## Task
Scan the entries below for "least" and copy each line that holds it.

## Supplied data
#####

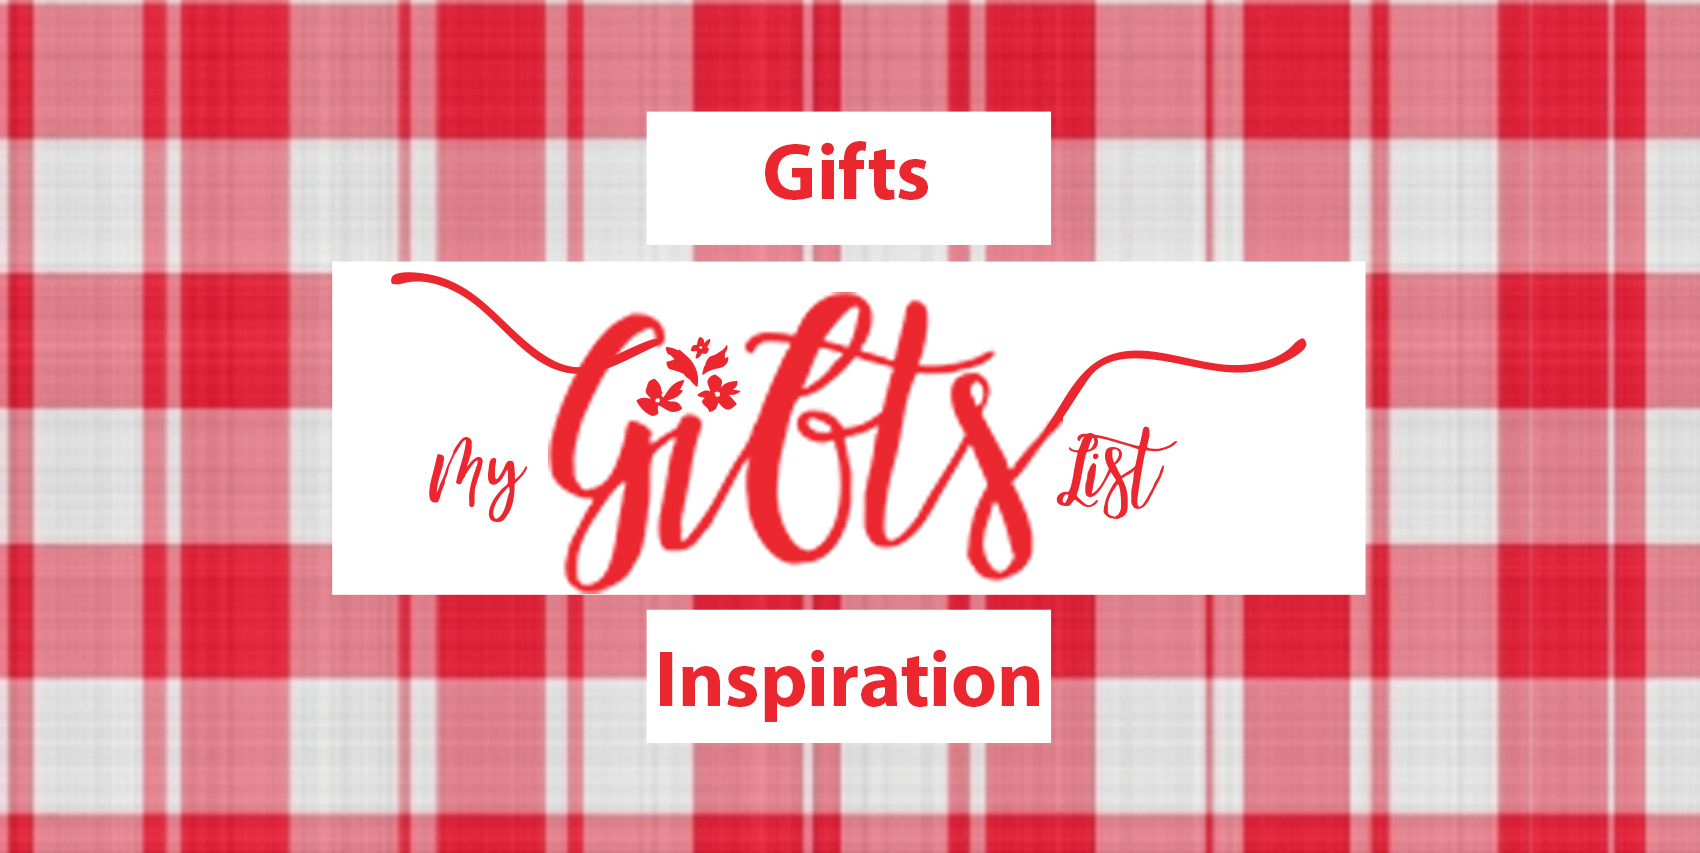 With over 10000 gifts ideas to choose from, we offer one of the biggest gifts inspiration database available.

#####

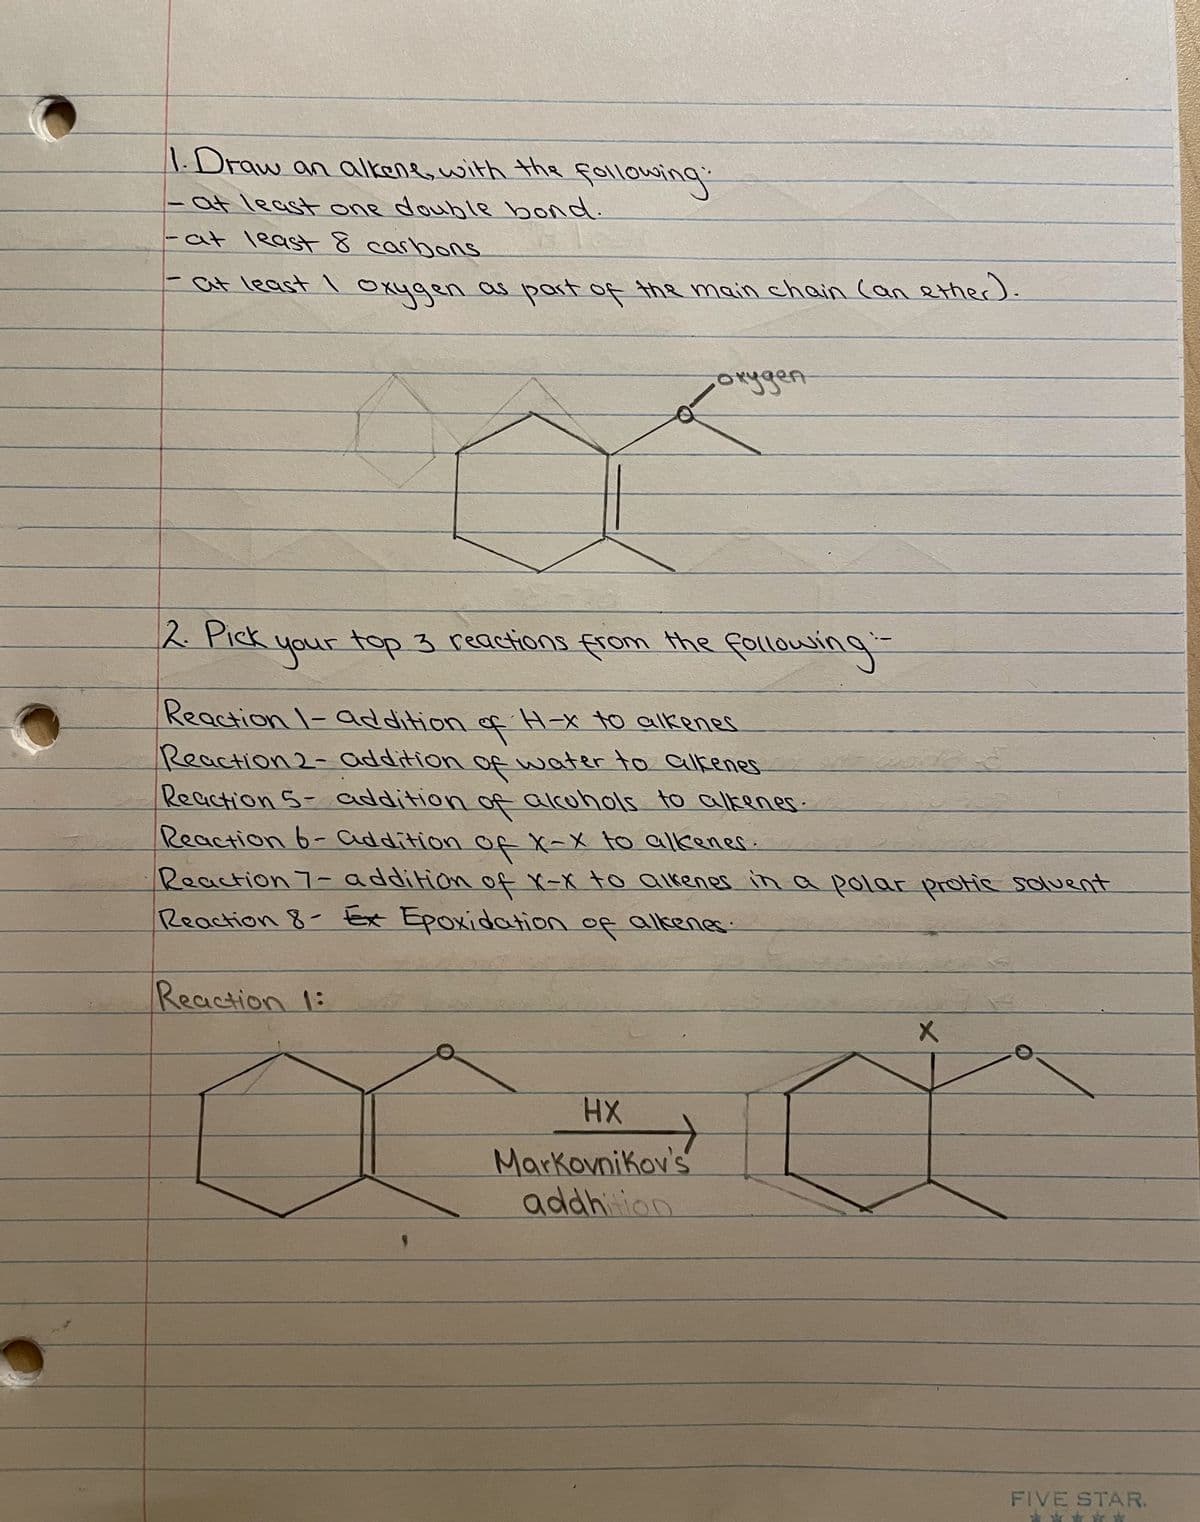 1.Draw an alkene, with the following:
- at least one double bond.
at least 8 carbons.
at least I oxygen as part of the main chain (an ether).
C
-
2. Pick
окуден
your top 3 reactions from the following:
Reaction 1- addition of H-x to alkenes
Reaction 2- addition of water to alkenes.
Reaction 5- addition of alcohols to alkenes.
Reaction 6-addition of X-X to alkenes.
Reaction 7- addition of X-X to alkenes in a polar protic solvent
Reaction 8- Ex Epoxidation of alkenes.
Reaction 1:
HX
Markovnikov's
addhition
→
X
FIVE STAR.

#####

## Completed task
- at least one double bond.
at least 8 carbons.
at least I oxygen as part of the main chain (an ether).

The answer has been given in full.